他忽然不笑了,湿漉漉的小手朝床底方向一指,学大人腔调,小声说了句什么。

我手里的毛巾“啪”地掉进澡盆。

我蹲下来,凑到他脸前:“小岩,你再说一遍?”

他眨巴眨巴眼睛,又小声说了一遍。

我愣住了,好半天才把他捞出来,擦干,哄睡。

那天夜里,我从床底下拖出那只铁饼干盒,用袖子擦了又擦,没打开。

第二天天没亮,我拉上行李箱的拉链,出了儿子家的门。

那句话,我不敢再想第二遍。



01

我叫彭桂香,今年六十,退休前在县纺织厂干了三十多年挡车工。

老伴彭石头是铁路上的,五年前走的,走得太急,连句整话都没留下。

走后的头两年,我一个人守着县城那套两居室,白天去菜市场逛逛,晚上看看电视,日子也过下来了。

儿子彭昆琦在省城安了家,在一家小公司做业务员。儿媳妇叶婉清在超市当收银员,小孙子彭小岩三岁半,上幼儿园中班。

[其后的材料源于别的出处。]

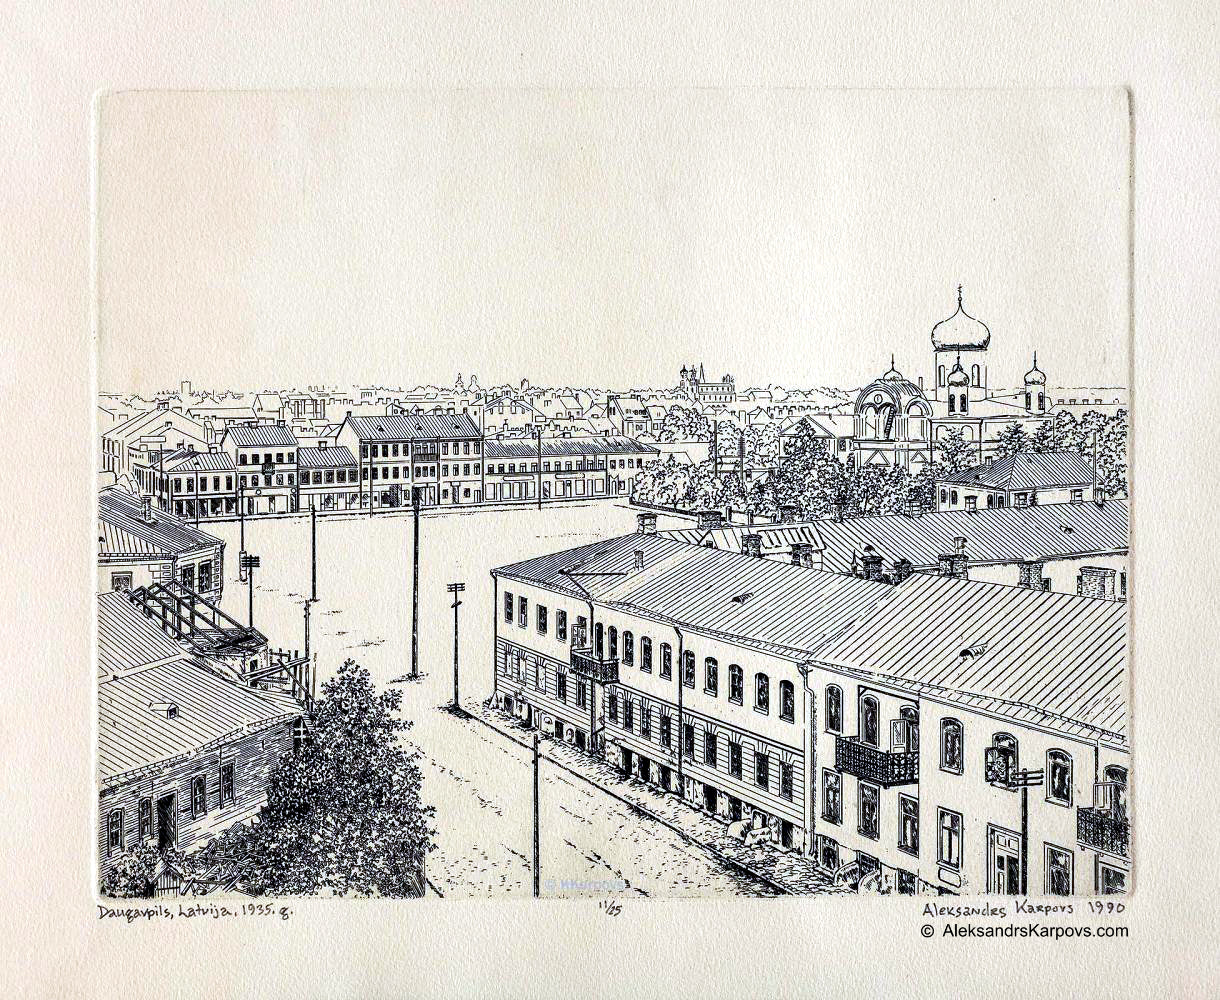 Daugavpils. Latvia. 1935

去年冬天,昆琦打电话来,说婉清她妈腿摔了,没法帮忙看孩子,婉清一个人忙不过来,问我能不能过去搭把手。

我听完没有犹豫,第二天就收拾行李动身了。

儿子开口了,当妈的不去,说不过去。

临出门,我把老伴那张存折从衣柜夹层里翻出来,连同一张字条,锁进了那只铁饼干盒里。

那张字条上是老伴生前亲手写的两行字,我看了多少遍都不忍心扔。

想了想,又把铁盒子压进行李箱最底下。

到了省城,昆琦到车站接我。一见面他就接过我手里的箱子,说:“妈,路上累不累?”

我说不累。他又说:“婉清给你收拾了一间房,朝南的,阳光好。”

我听了心里舒坦了些。

可进了家门,叶婉清站在客厅里,笑盈盈地叫了声“”,然后领着我去看房间。

房间确实朝南,床铺干净,窗台上还摆了一盆绿萝。

她安排得妥妥帖帖,挑不出一点毛病。

可就是太妥帖了,客气得像个招待客人的旅馆。

我把行李箱放在床边,蹲下身,把那只铁饼干盒摸出来,弯腰塞进床底下最靠里的角落。刚直起腰,就看见小岩趴在门框上,圆溜溜的眼睛盯着我。

我朝他招招手:“小岩,过来,奶奶抱抱。”

小岩跑过来,我把铁盒子指给他看:“小岩记住,这个东西不能动,谁都不能碰。”

他似懂非懂地点点头。我又交代了一遍:“不管谁问,都不能说,记住了?”

那天下午,我在厨房择菜,听见叶婉清的脚步从走廊那头过来,走到我房门口停了一下。

我从厨房探出头,她正弯着腰,目光往床底下扫。

她直起身,跟我目光撞上,笑了笑:“妈,我想找拖把,看是不是在您床底下来了。”

我说没有,拖把在阳台。她“哦”了一声,走了。

我放下手里的菜,走进卧室,弯腰把床单拉平,遮得严严实实。站了一会儿,又弯下腰,把铁盒子往里推了推。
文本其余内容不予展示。